§ **The task**: Write out the data exactly, please, and omit the pictures.

--- Recorded data ---

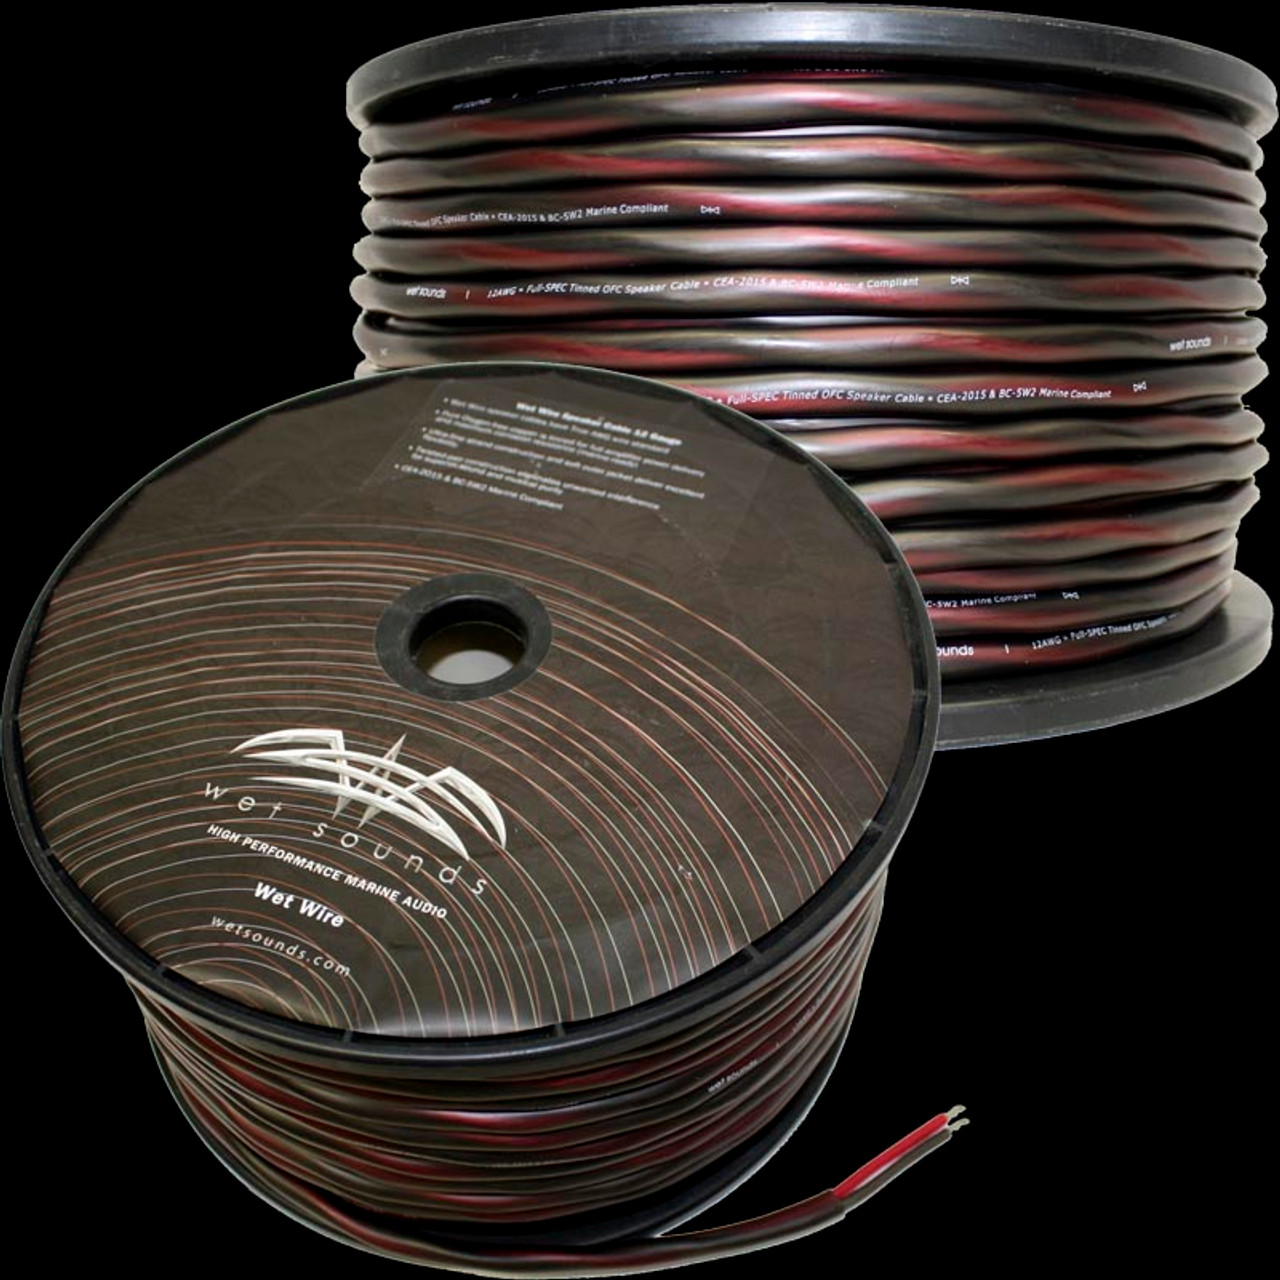 Wet Sounds 12 Gauge Speaker Wire - 250 feet
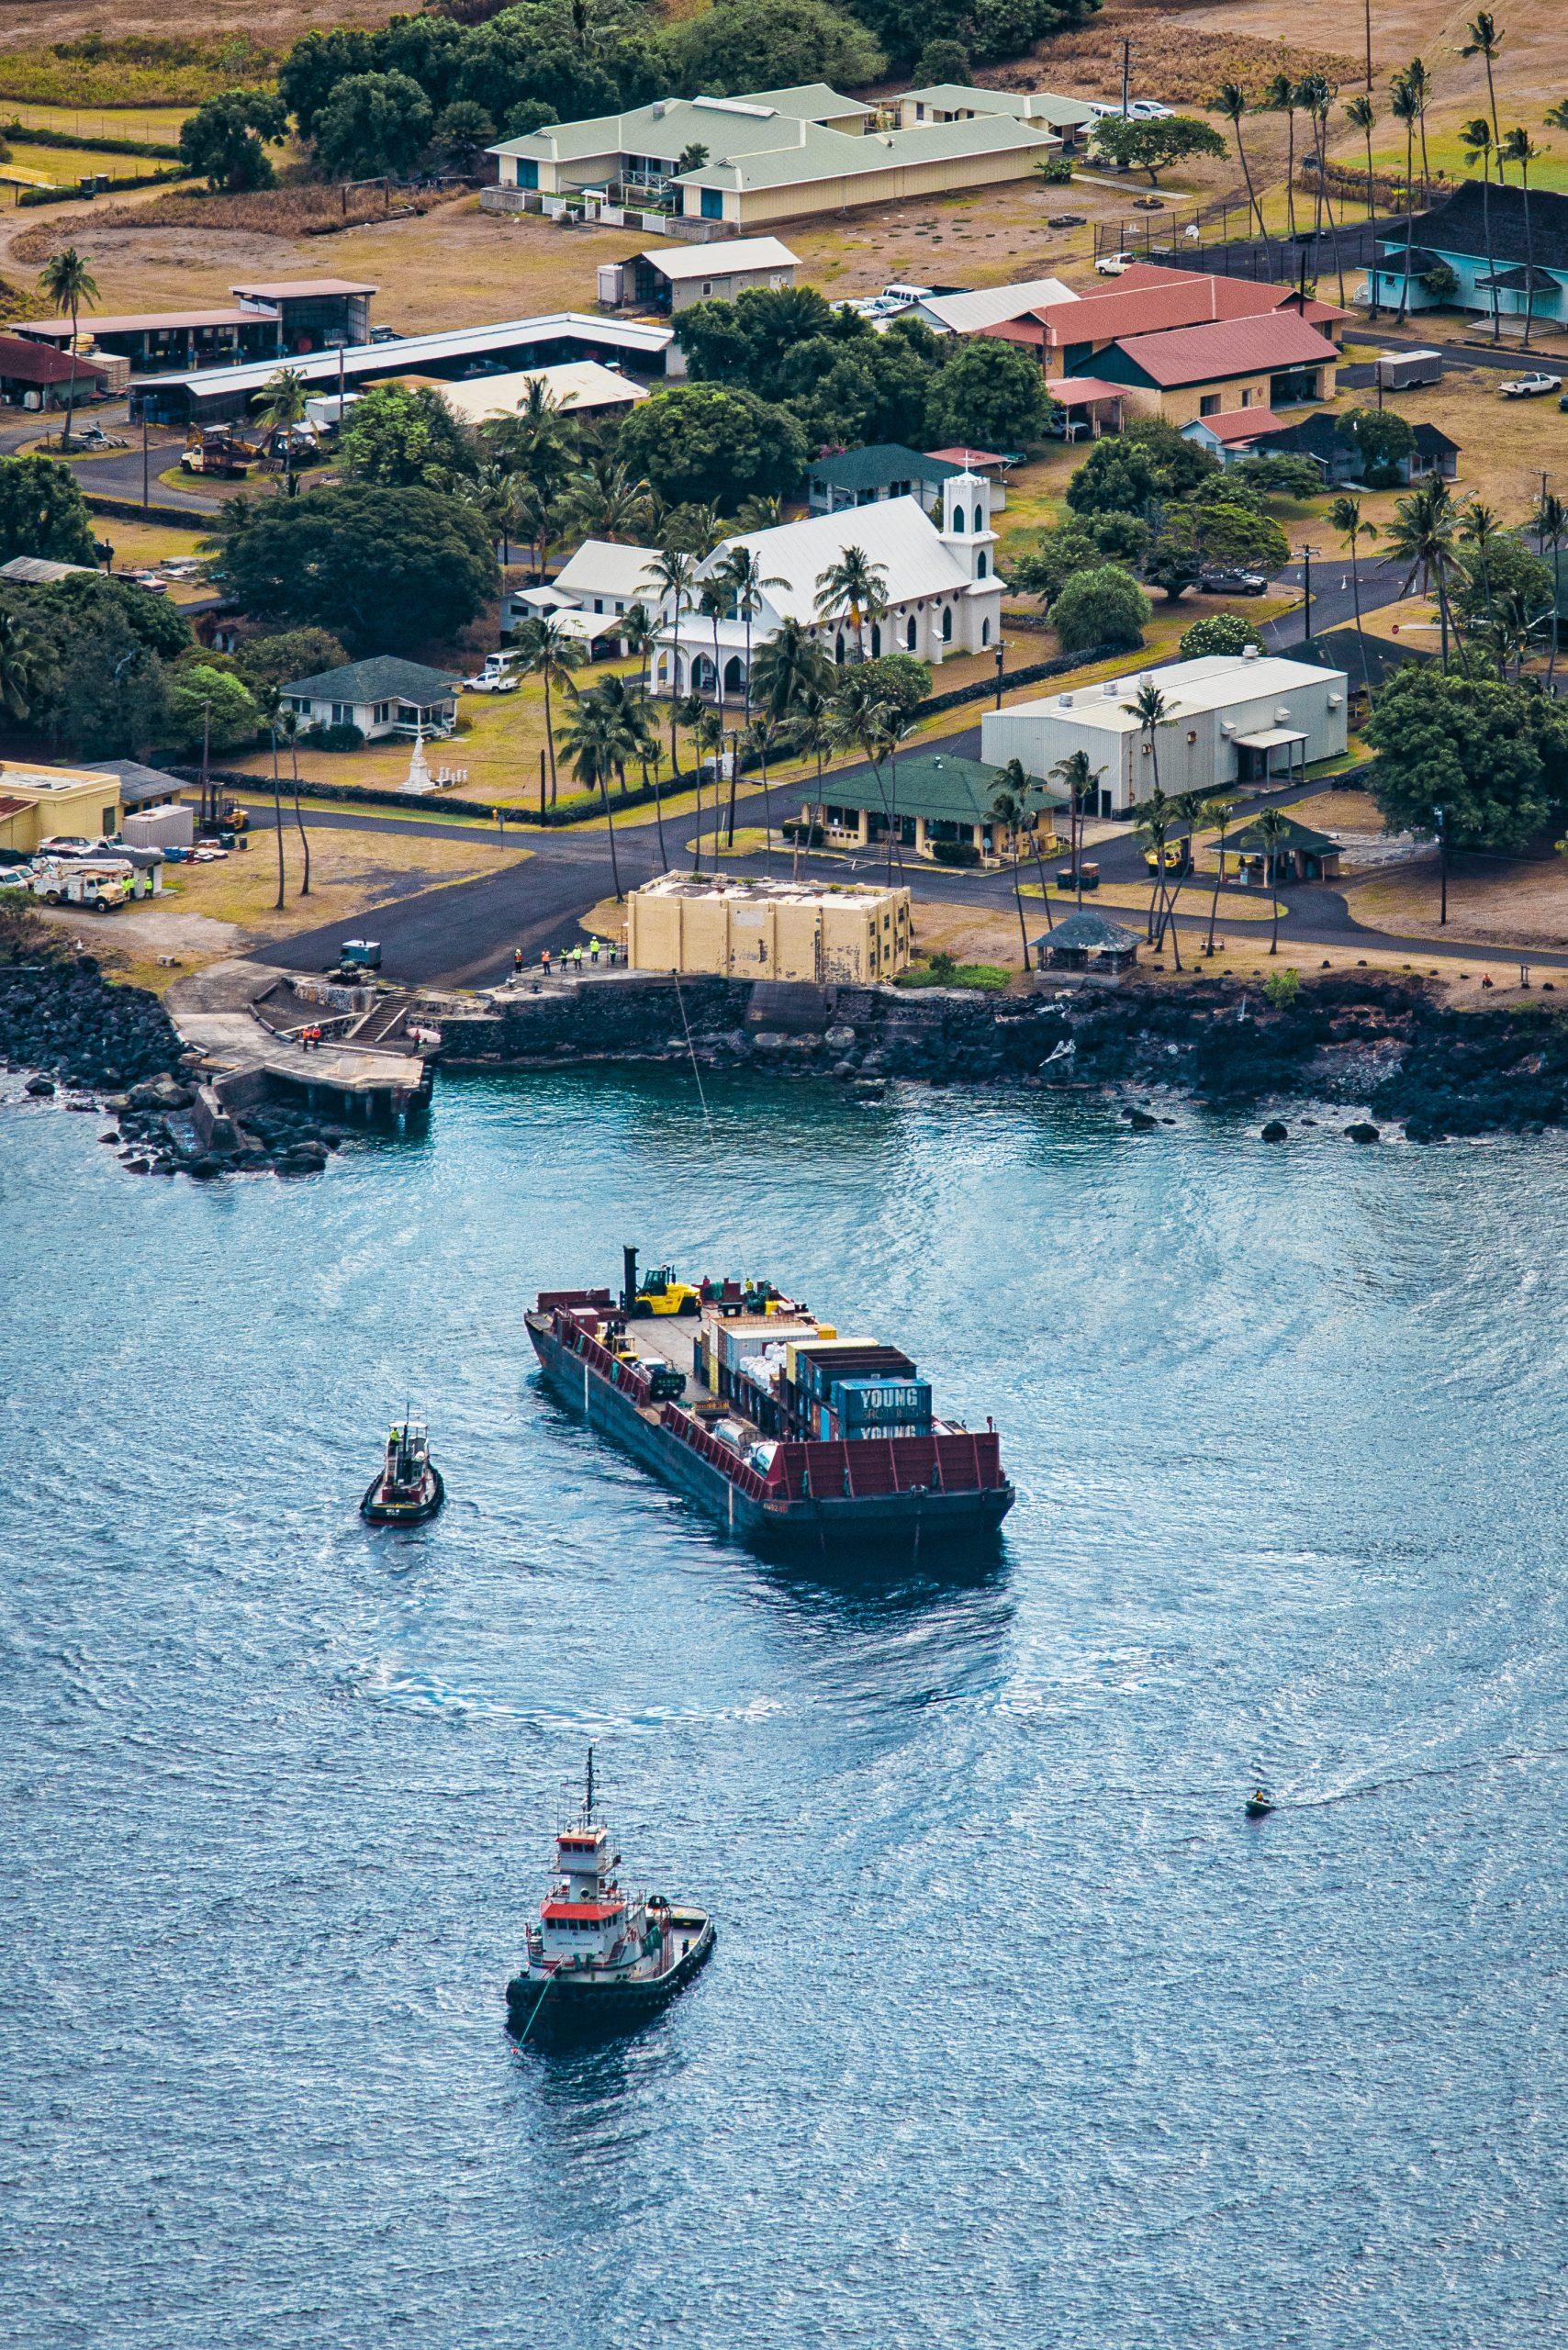 Kalaupapa's Annual Barge
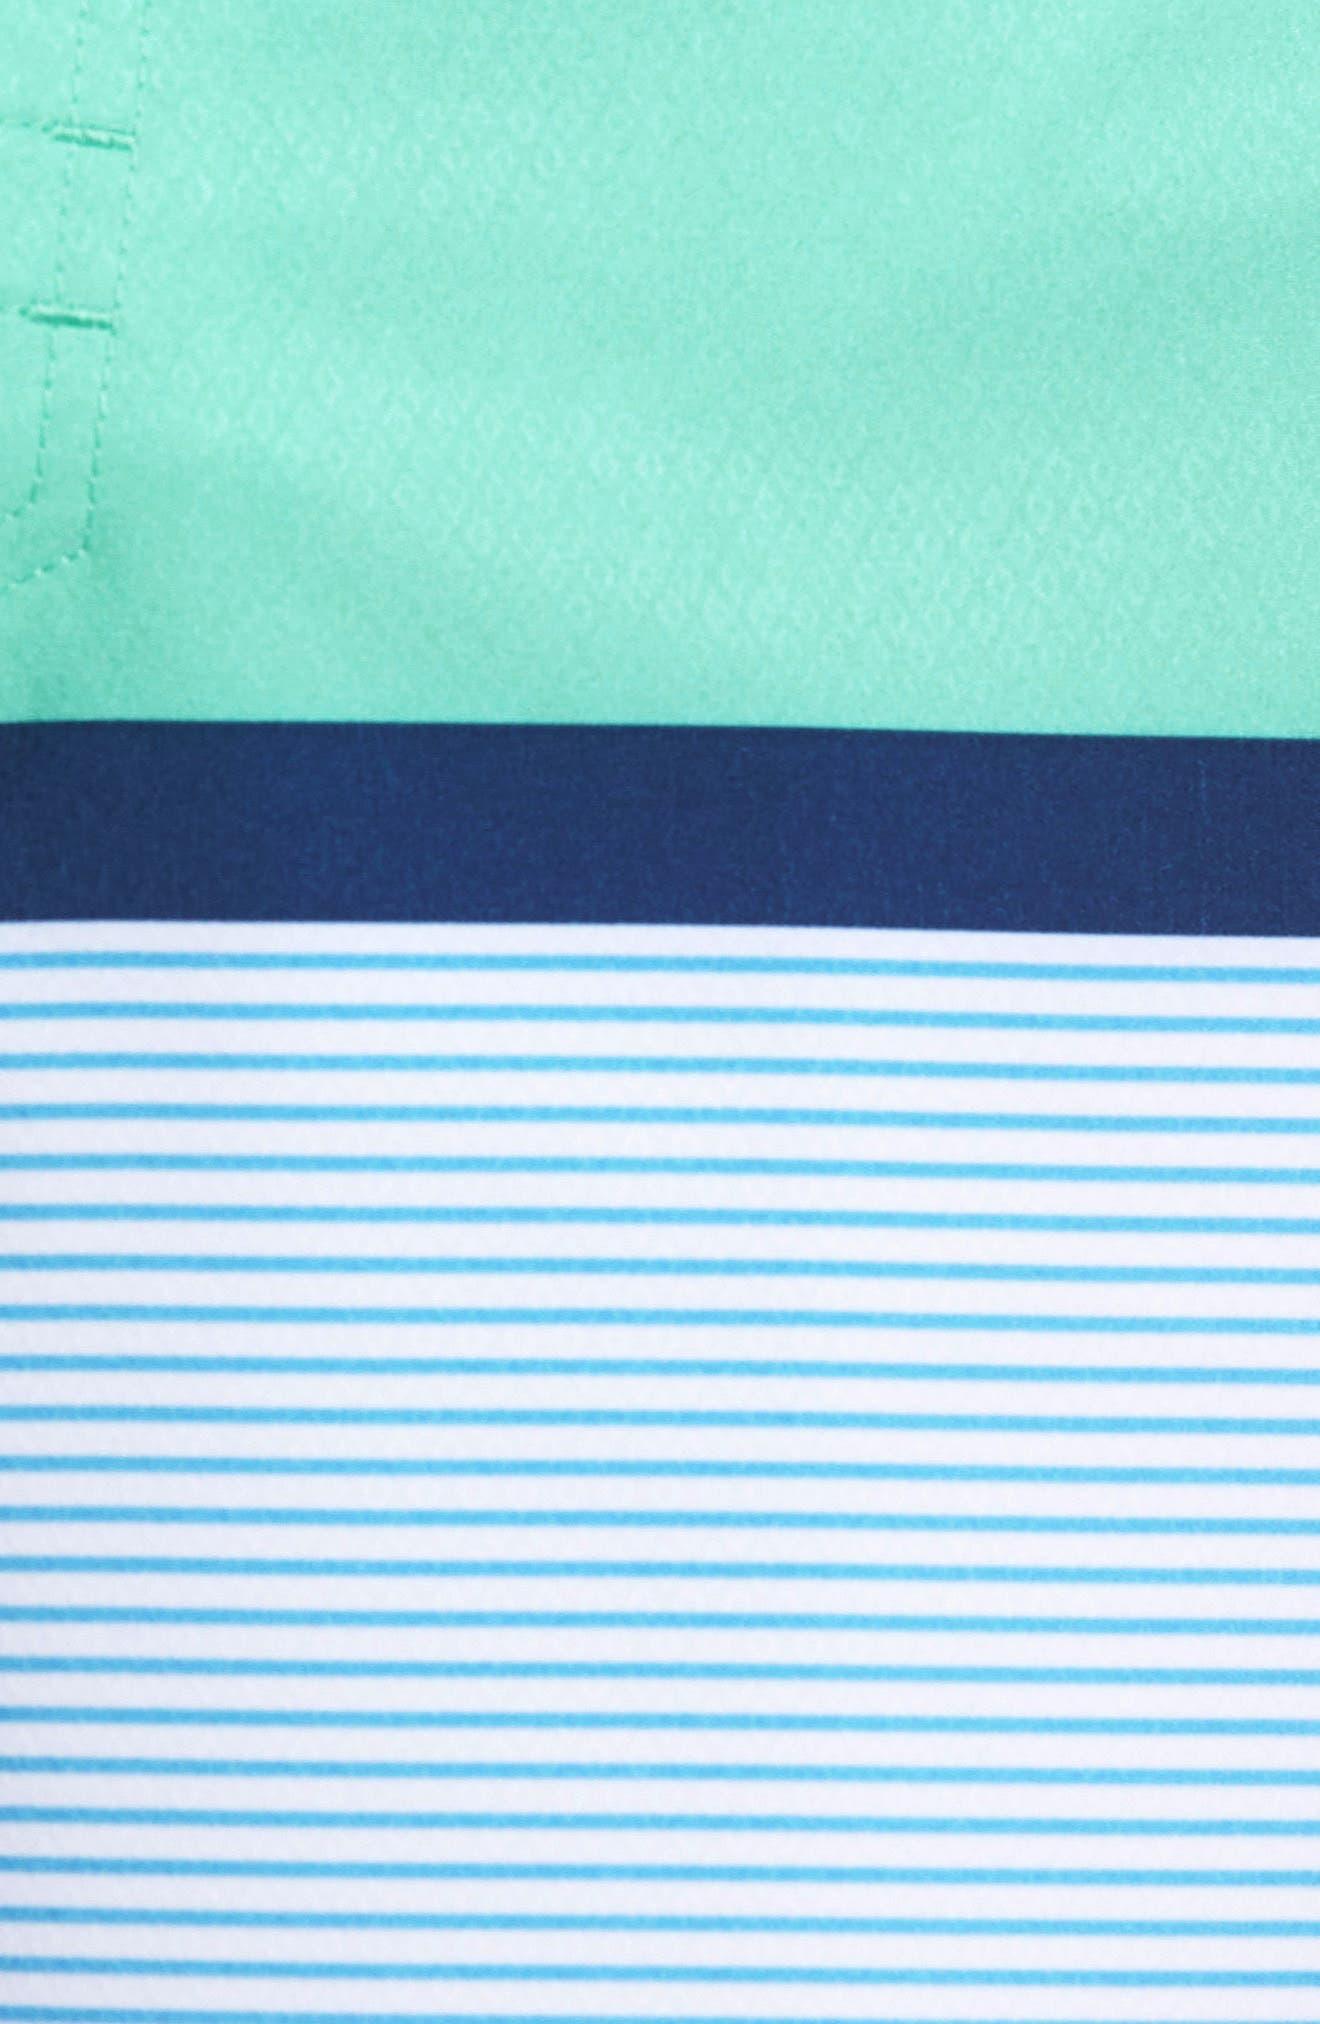 Blue Lagoon Swim Trunks,                             Alternate thumbnail 5, color,                             400
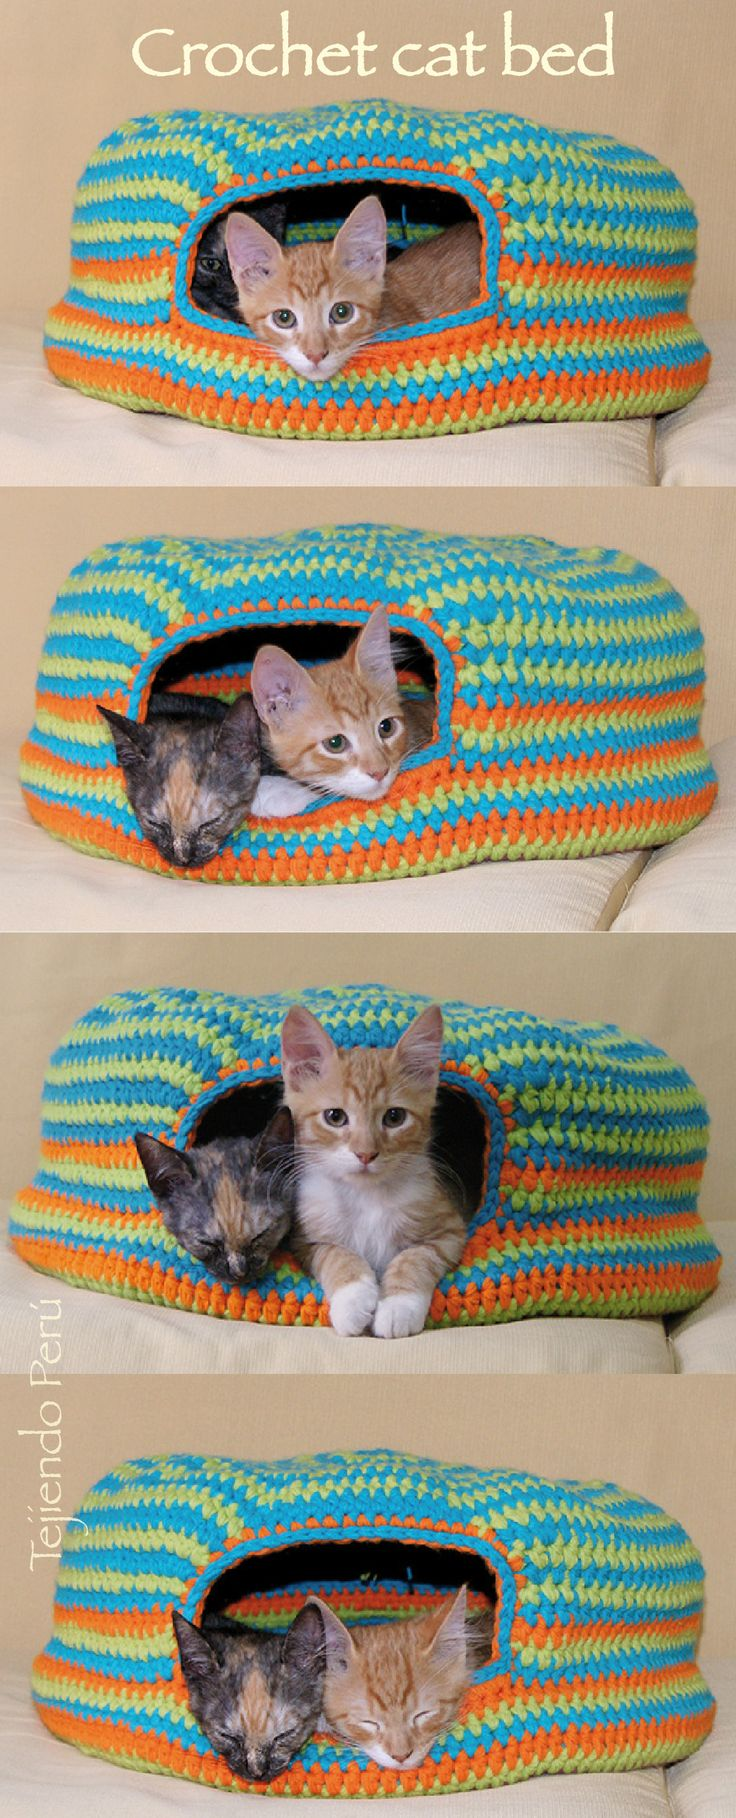 1000 images about diy teckels on pinterest papier mache - Camas para gatos ...

---

§ **Answer below**:
 Wet Sounds 12 Gauge Speaker Wire - 250 feet
 Kalaupapa's Annual Barge
 Blue Lagoon Swim Trunks,                             Alternate thumbnail 5, color,                             400
 1000 images about diy teckels on pinterest papier mache - Camas para gatos ...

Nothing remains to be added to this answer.